▸ Source data
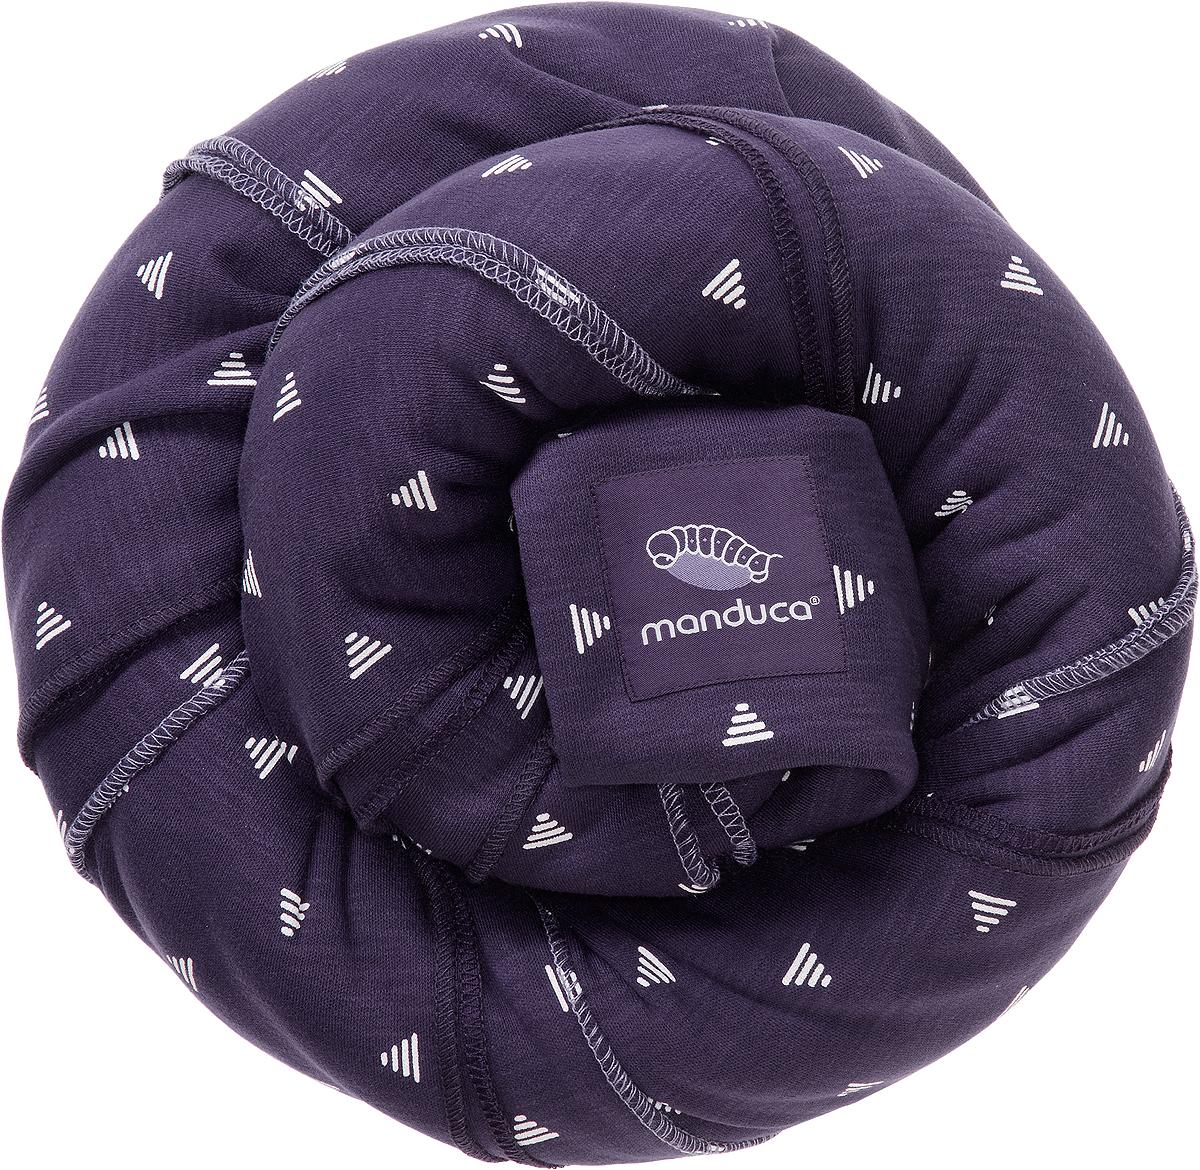 Manduca Слинг-шарф LimitedEdition - Рюкзаки, слинги, кенгуру
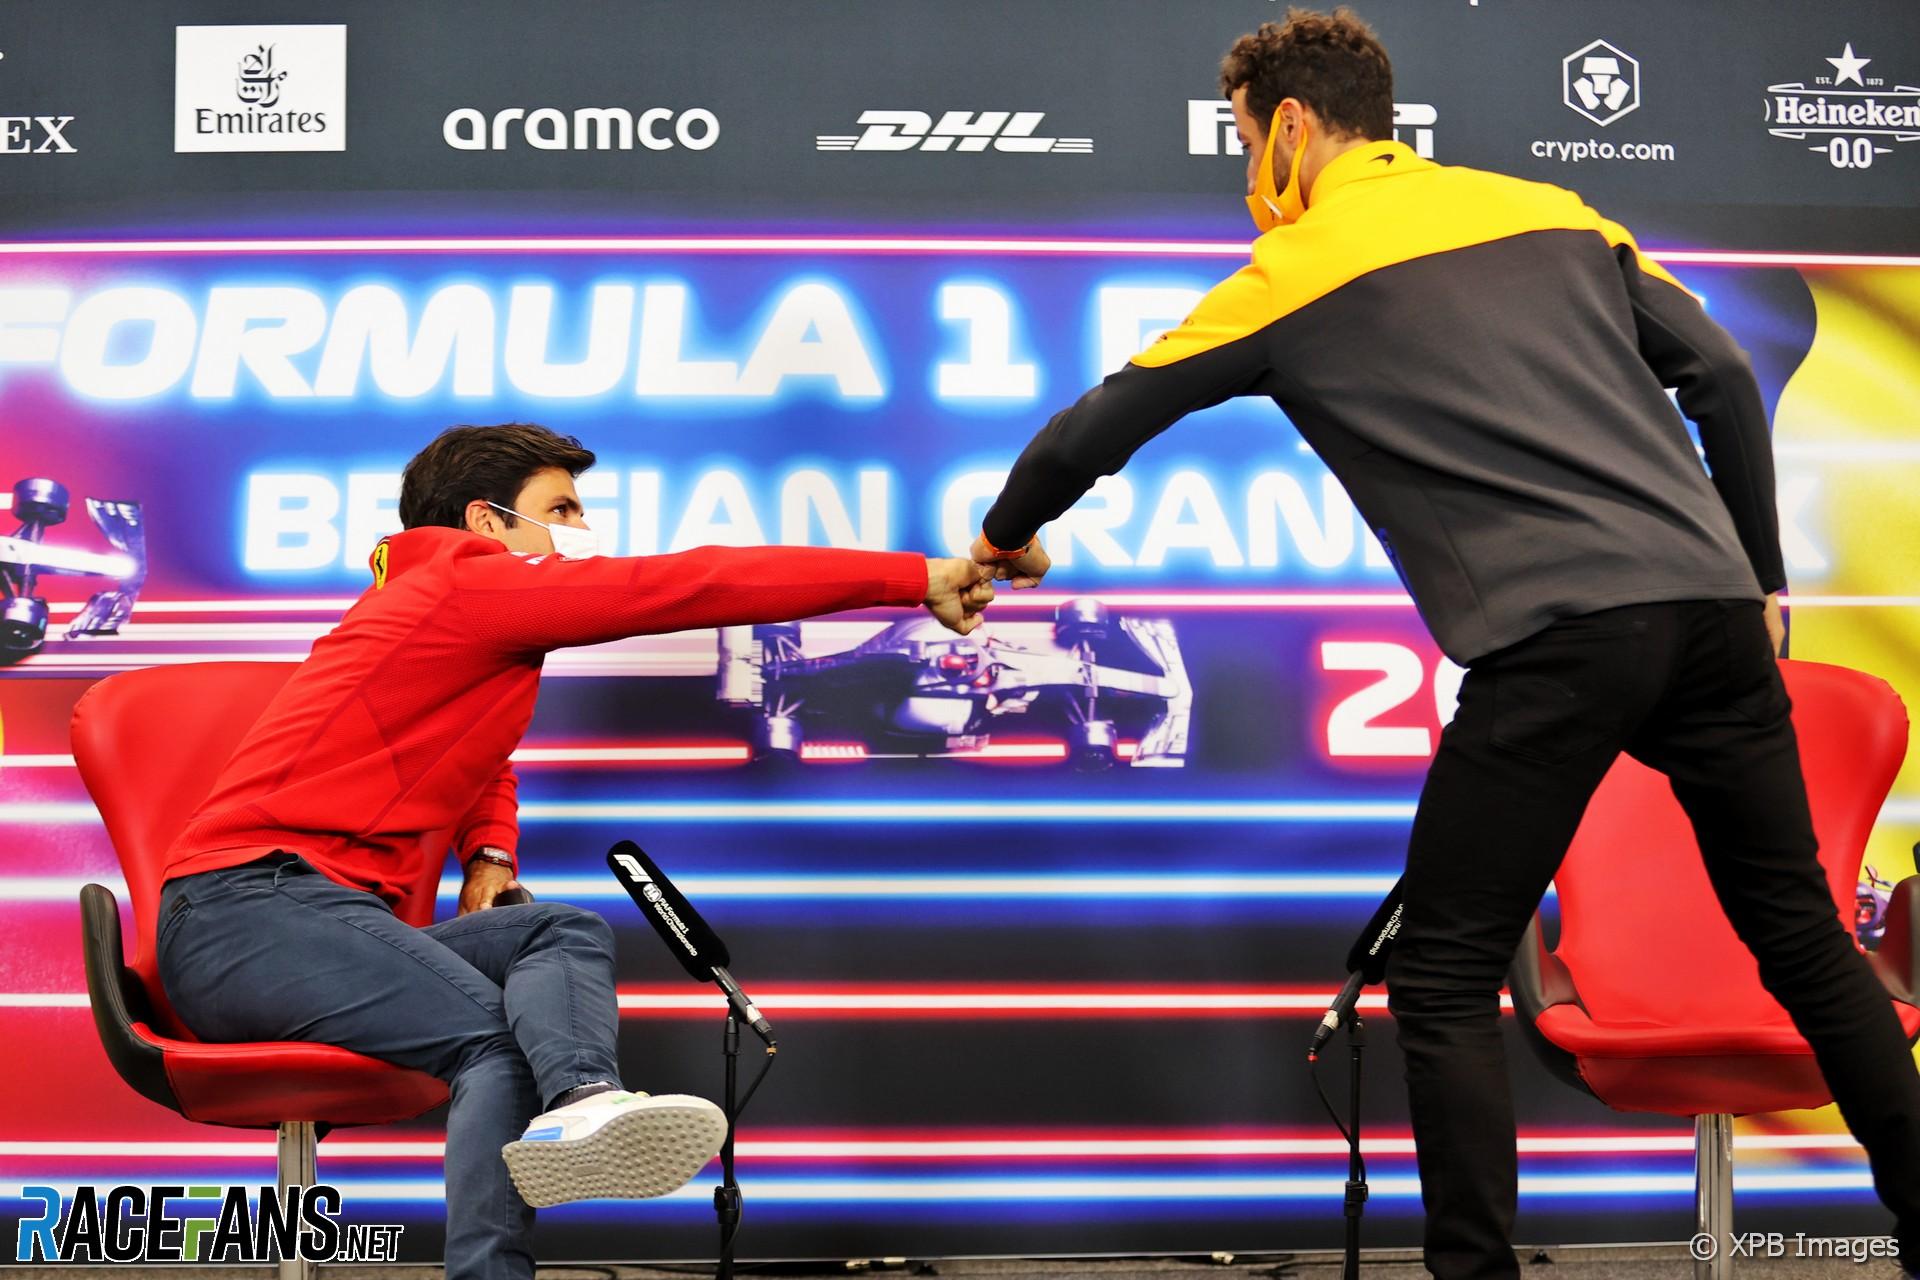 Carlos Sainz Jnr, Daniel Ricciardo, Spa-Francorchamps, 2021
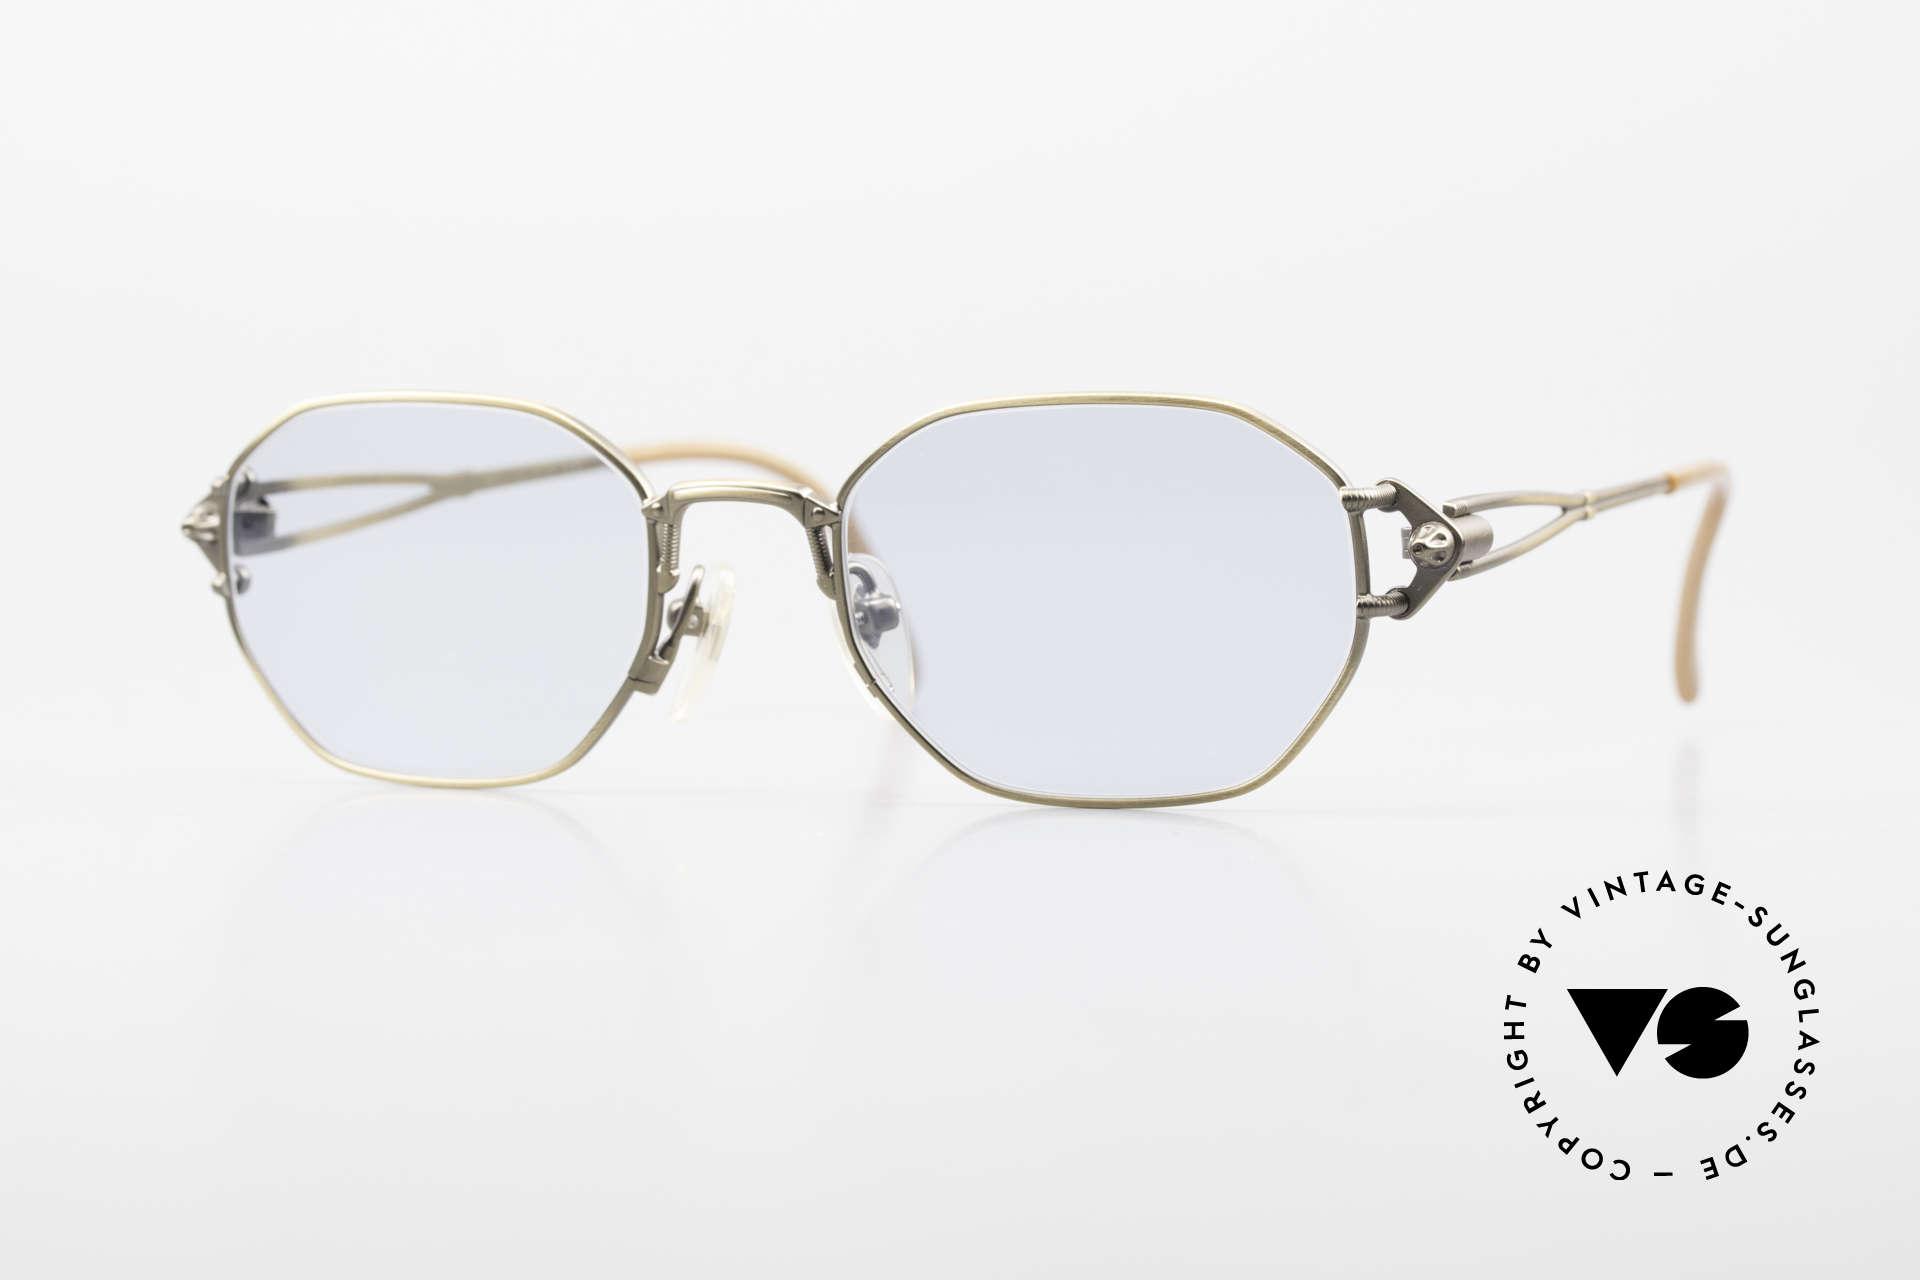 Jean Paul Gaultier 55-6106 Old 90's Designer Sunglasses, precious Jean Paul Gaultier sunglasses from app. 1994, Made for Men and Women

▸ Assignment
Retype verbatim only the lines beginning with the line that contains "Carlos Sainz Jnr, Daniel" and ending with the last line of the listing above; pictures are to be excluded.

▸ Task result
 Carlos Sainz Jnr, Daniel Ricciardo, Spa-Francorchamps, 2021
 Jean Paul Gaultier 55-6106 Old 90's Designer Sunglasses, precious Jean Paul Gaultier sunglasses from app. 1994, Made for Men and Women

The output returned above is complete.